■ Task requirements ■
Transcribe the data that follows in full. Leave out the pictures.

■ Data extract ■
—————
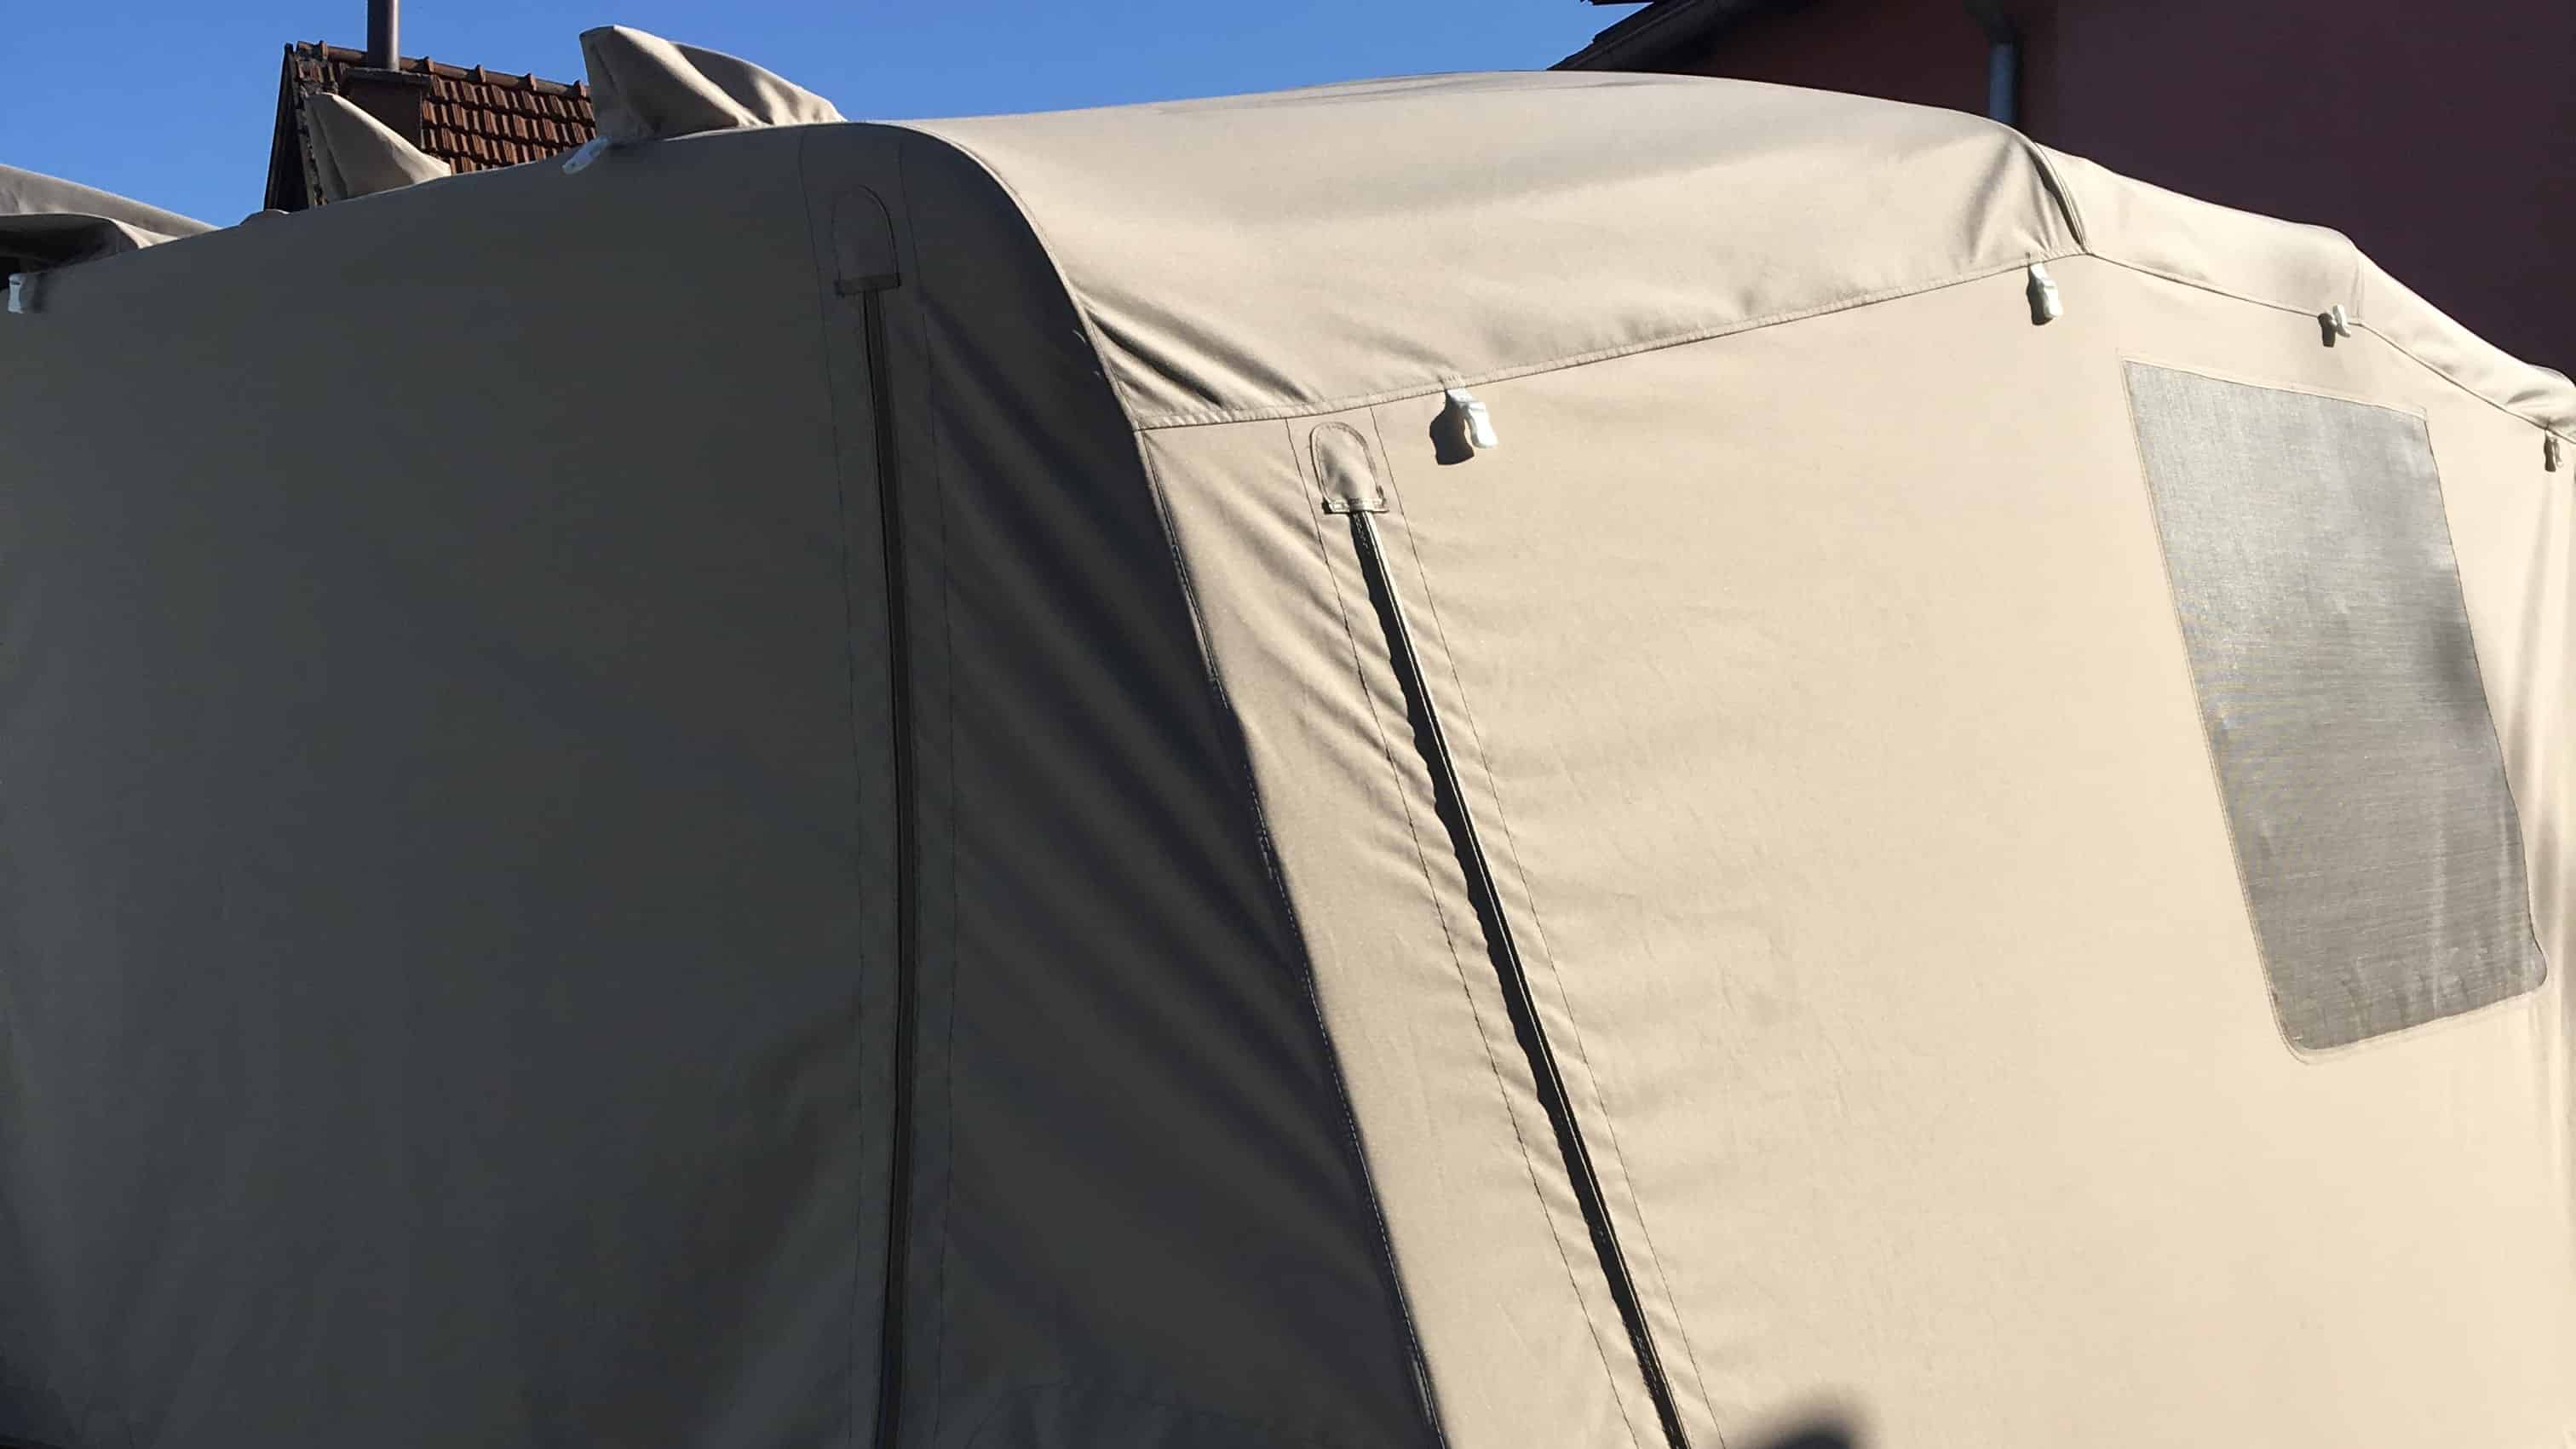 šator tenda u materijalu Sunbrella Surlast s PVC prozorima koji imaju mogućnost rolanja te integriranim komarnicima za GUMENJAK BARRACUDA
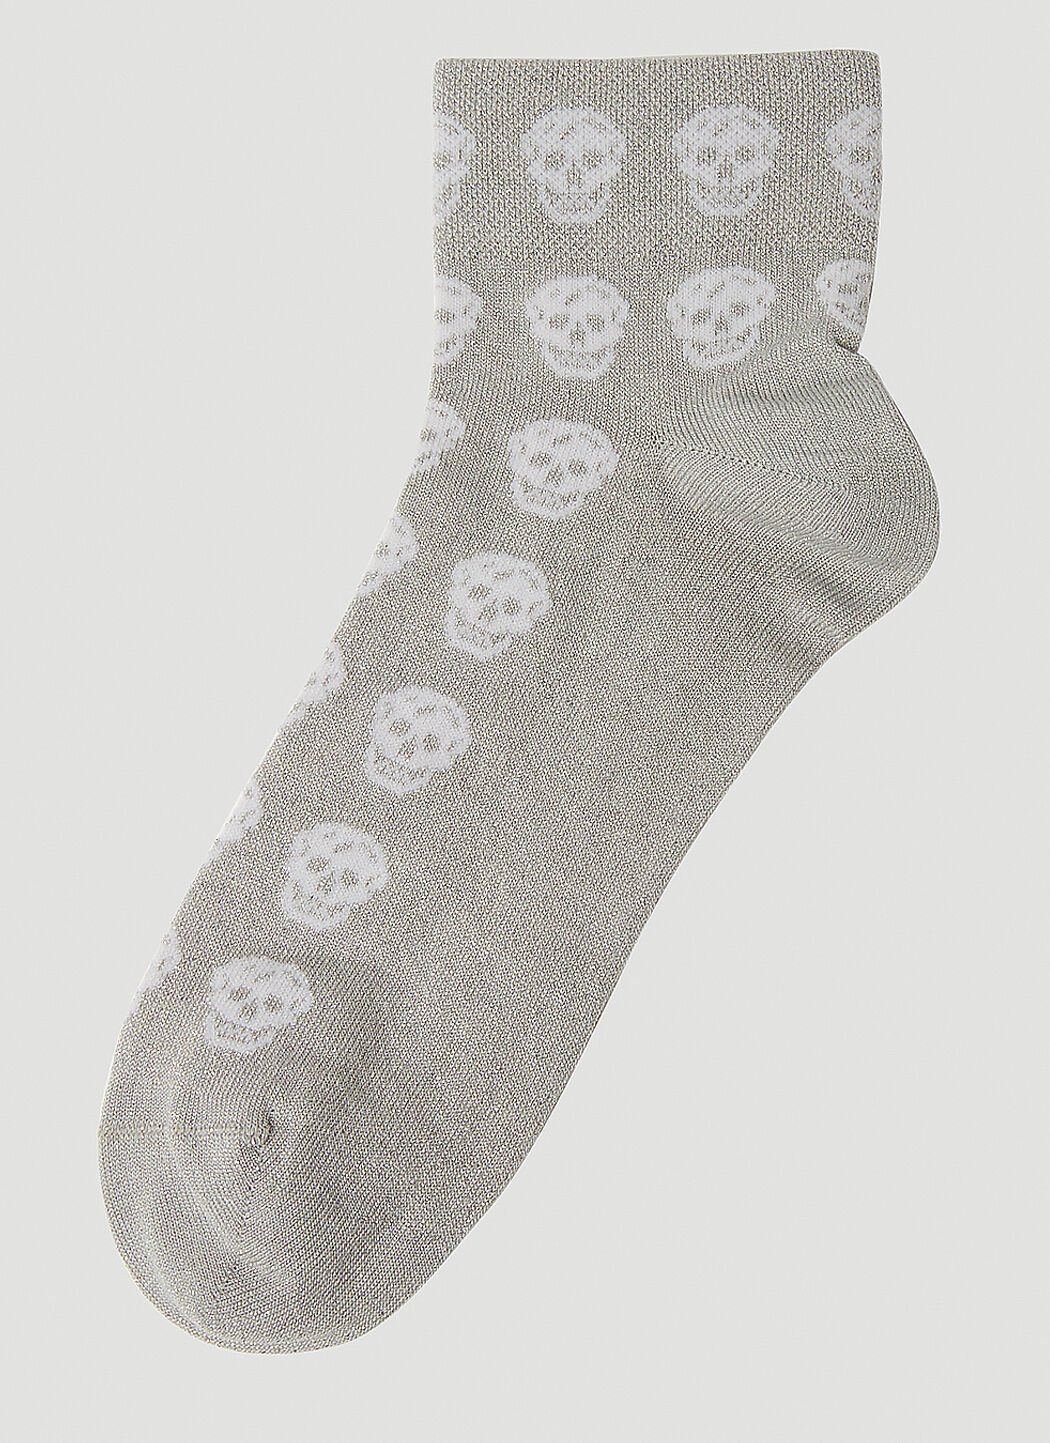 Alexander McQueen Short Skull Socks Red amq0252035
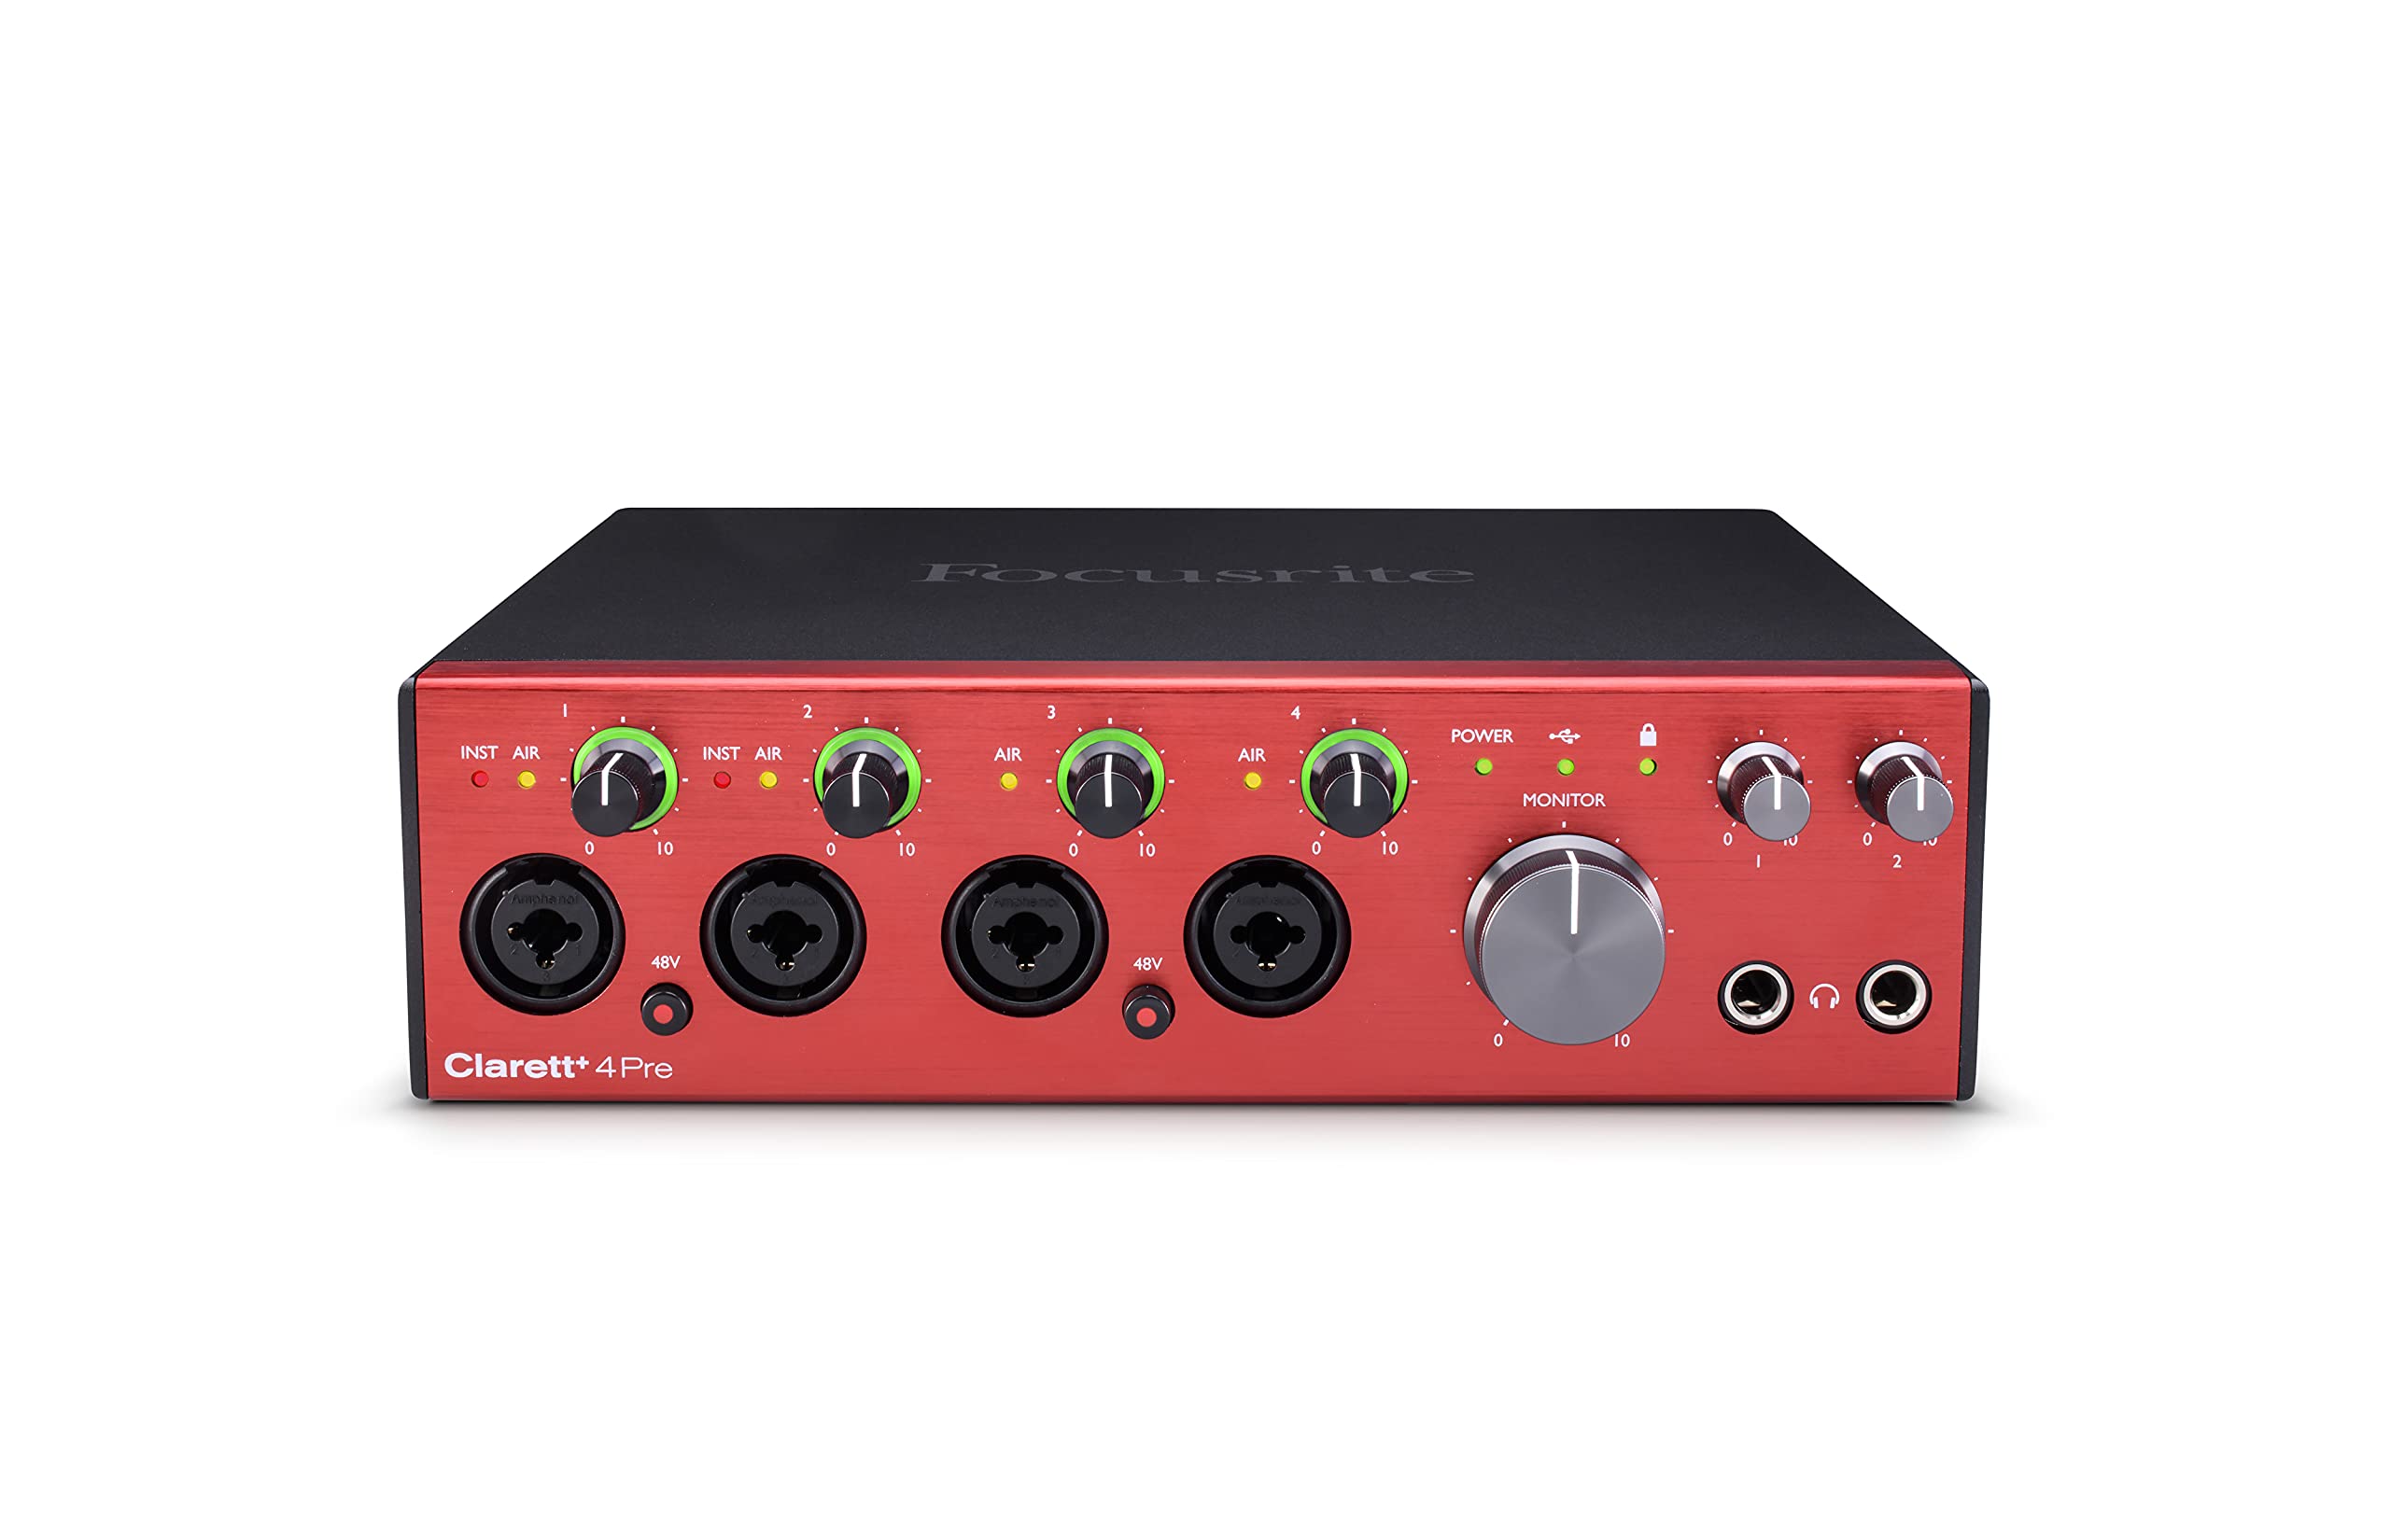 Focusrite Clarett+ 4Pre USB-Audio-Interface in Studioqualität für Musiker*innen – Hochwertige Aufnahmen über vier rausch- und verzerrungsarme Mikrofonvorverstärker für authentische Klangergebnisse
—————
■ Expected output ■
 šator tenda u materijalu Sunbrella Surlast s PVC prozorima koji imaju mogućnost rolanja te integriranim komarnicima za GUMENJAK BARRACUDA
 Alexander McQueen Short Skull Socks Red amq0252035
 Focusrite Clarett+ 4Pre USB-Audio-Interface in Studioqualität für Musiker*innen – Hochwertige Aufnahmen über vier rausch- und verzerrungsarme Mikrofonvorverstärker für authentische Klangergebnisse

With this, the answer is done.